Rational and Objectives

To investigate the effect of the Joint Photographic Experts Group (JPEG2000) 30:1 and 60:1 lossy compression on the detection of cranial vault fractures when compared to JPEG2000 lossless compression.

Materials and Methods

Fifty cranial computed tomography (CT) images were processed with three different level of JPEG2000 compression (lossless, 30:1 lossy, and 60:1 lossy) creating three sets of images. These were presented to five musculoskeletal specialists and five neuroradiologists. Each reader read at two of the three compression levels. Twenty-two cases contained a single fracture; the remaining 28 cases contained no fractures. Observers were asked to identify the presence or absence of a fracture, to locate its site, and rate their degree of confidence. Receiver operating characteristic (ROC), jackknife free-response receiver operating characteristic (JAFROC) and the Dorfman-Berbaum-Metz multiple reader multiple case (DBM-MRMC) analyses were used to explore differences between the lossless and lossy compressed images.

Results

JPEG2000 lossless and 30:1 lossy compression demonstrated no significant difference in their performance with JAFROC and DBM-MRMC analysis ( P < .416); however, JPEG2000 30:1 lossy compression demonstrated significantly better performance than 60:1 lossy compression ( P < .016). A significant increase in misplaced confidence ratings was also seen with 60:1 ( P < .037) over 30:1 lossy and lossless compression.

Conclusion

JPEG2000 60:1 compression degrades the detection of skull fractures significantly while increasing the confidence with which readers rate fractures compared with 30:1 lossy and lossless compression. JPEG2000 30:1 lossy compression does not significantly change performance when compared to JPEG2000 lossless for the detection of skull fractures on CT.

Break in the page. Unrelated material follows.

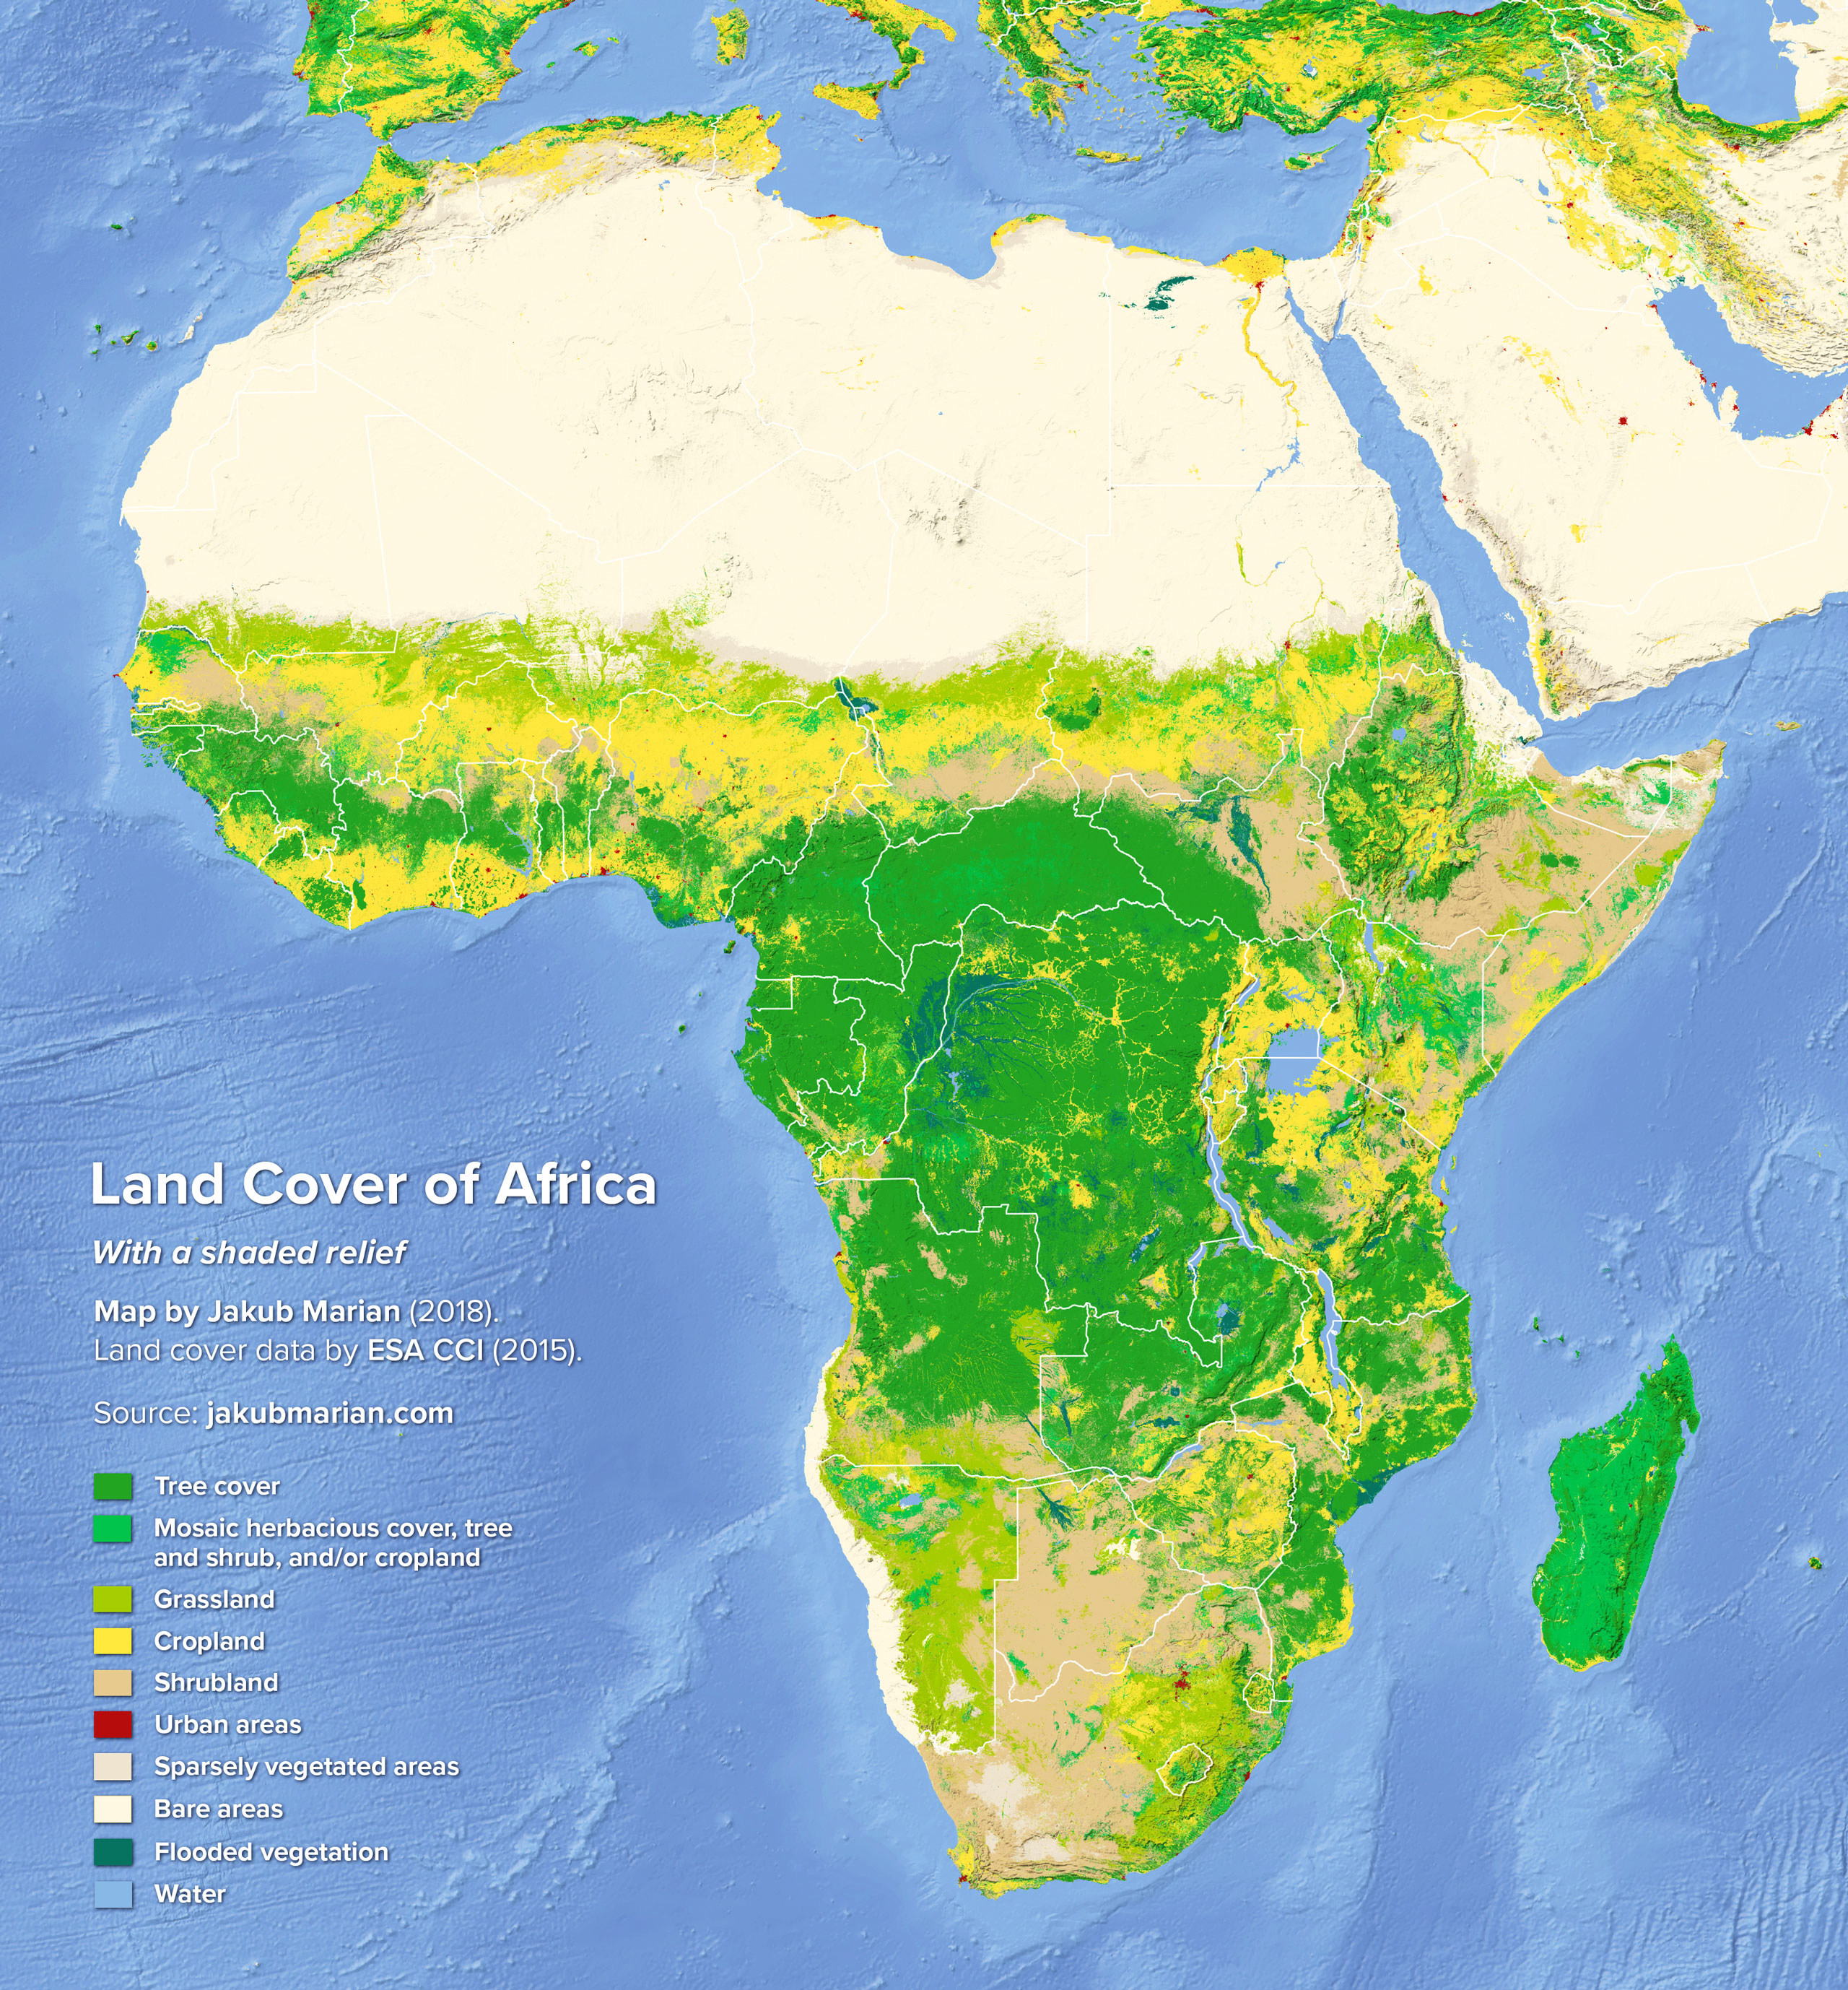 Land cover of Africa

Increasing volumes of data generated by medical imaging is a problem for image storage, management, transmission, and display . Data compression is a possible solution to this problem but it has limitations. Compression can be performed in a lossless, reversible manner, where no information is lost. However, this only allows a 2:1 to 3:1 reduction in data size for medical images . On the other hand, compressing in a lossy, irreversible manner allows much higher levels of compression, but some information has to be discarded. At lower levels of compression, much of the discarded information is high-frequency uncorrelated noise, and image degradation is imperceptible to the human eye . At higher levels of compression, perceptible changes occur, though the image may still be acceptable for diagnostic use. The current study investigates how much compression can be tolerated in skull computed tomography (CT) before the diagnostic quality for detection of fractures is affected.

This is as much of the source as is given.